= Feature-oriented positioning =

Feature-oriented positioning (FOP) is a method of precise movement of the scanning microscope probe across the surface under investigation. With this method, surface features (objects) are used as reference points for microscope probe attachment. Actually, FOP is a simplified variant of the feature-oriented scanning (FOS). With FOP, no topographical image of a surface is acquired. Instead, a probe movement by surface features is only carried out from the start surface point A (neighborhood of the start feature) to the destination point B (neighborhood of the destination feature) along some route that goes through intermediate features of the surface.
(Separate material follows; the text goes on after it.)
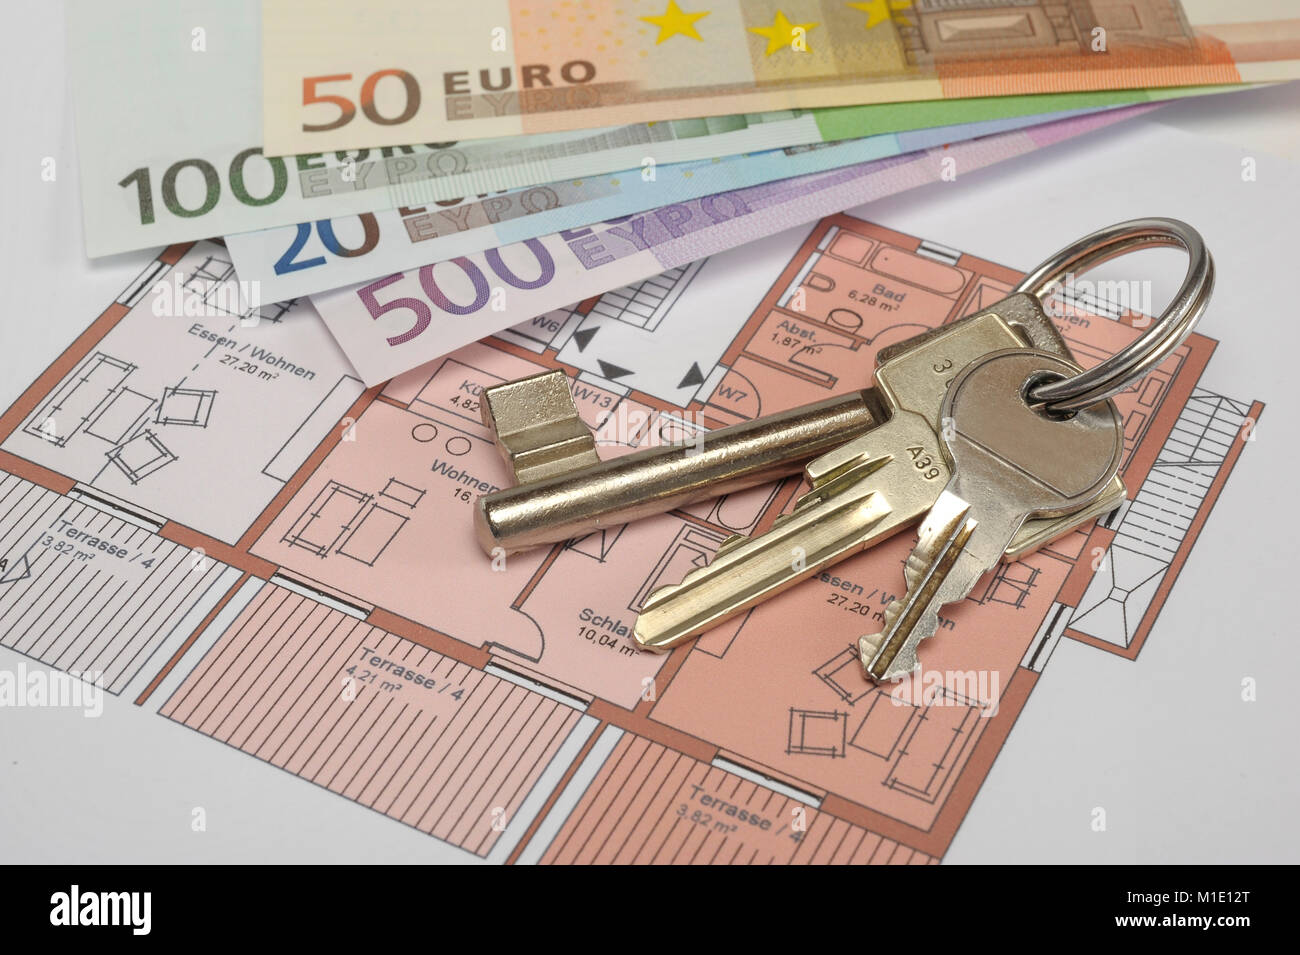 Wohnungsschlüssel und Euro Geldscheine als Miete für Wohnung Stock Photo

The method may also be referred to by another name—object-oriented positioning (OOP).

To be distinguished are a "blind" FOP when the coordinates of features used for probe movement are unknown in advance and FOP by existing feature "map" when the relative coordinates of all features are known, for example, in case they were obtained during preliminary FOS. Probe movement by a navigation structure is a combination of the above-pointed methods.
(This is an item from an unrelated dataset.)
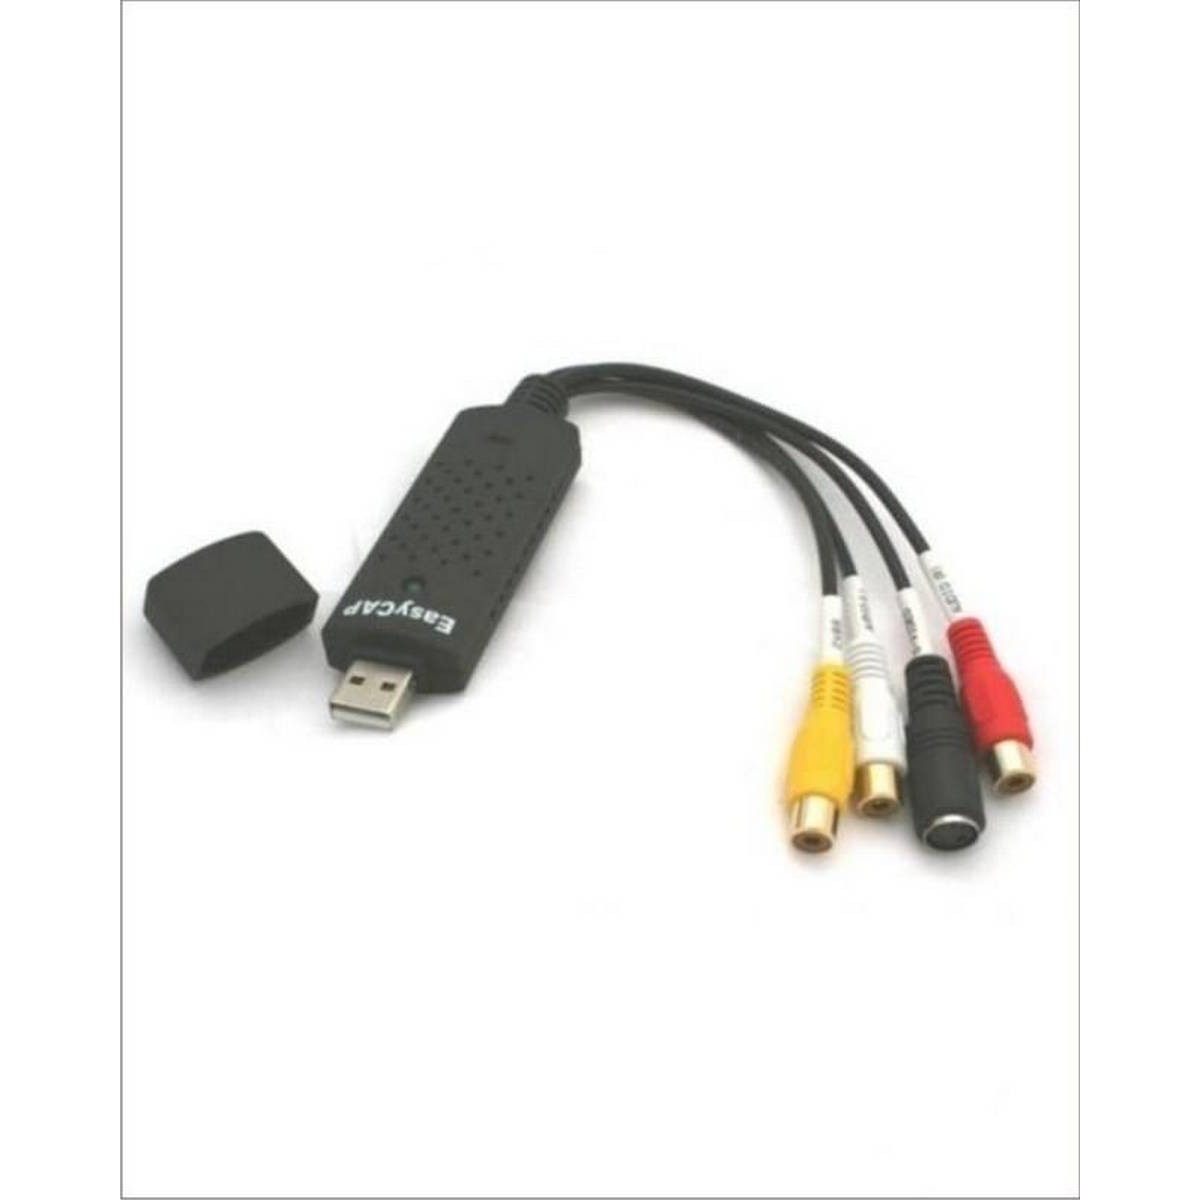 Переходник spdif. Кабель Micro USB-3rca (тюльпан). Переходник с юсб на колокольчики. EASYCAP%20USB%202.0/. Провод переходник колокольчики с юсб.

FOP method may be used in bottom-up nanofabrication to implement high-precision movement of the nanolithograph/nanoassembler probe along the substrate surface. Moreover, once made along some route, FOP may be then exactly repeated the required number of times. After movement in the specified position, an influence on the surface or manipulation of a surface object (nanoparticle, molecule, atom) is performed. All the operations are carried out in automatic mode. With multiprobe instruments, FOP approach allows to apply any number of specialized technological and/or analytical probes successively to a surface feature/object or to a specified point of the feature/object neighborhood. That opens a prospect for building a complex nanofabrication consisting of a large number of technological, measuring, and checking operations.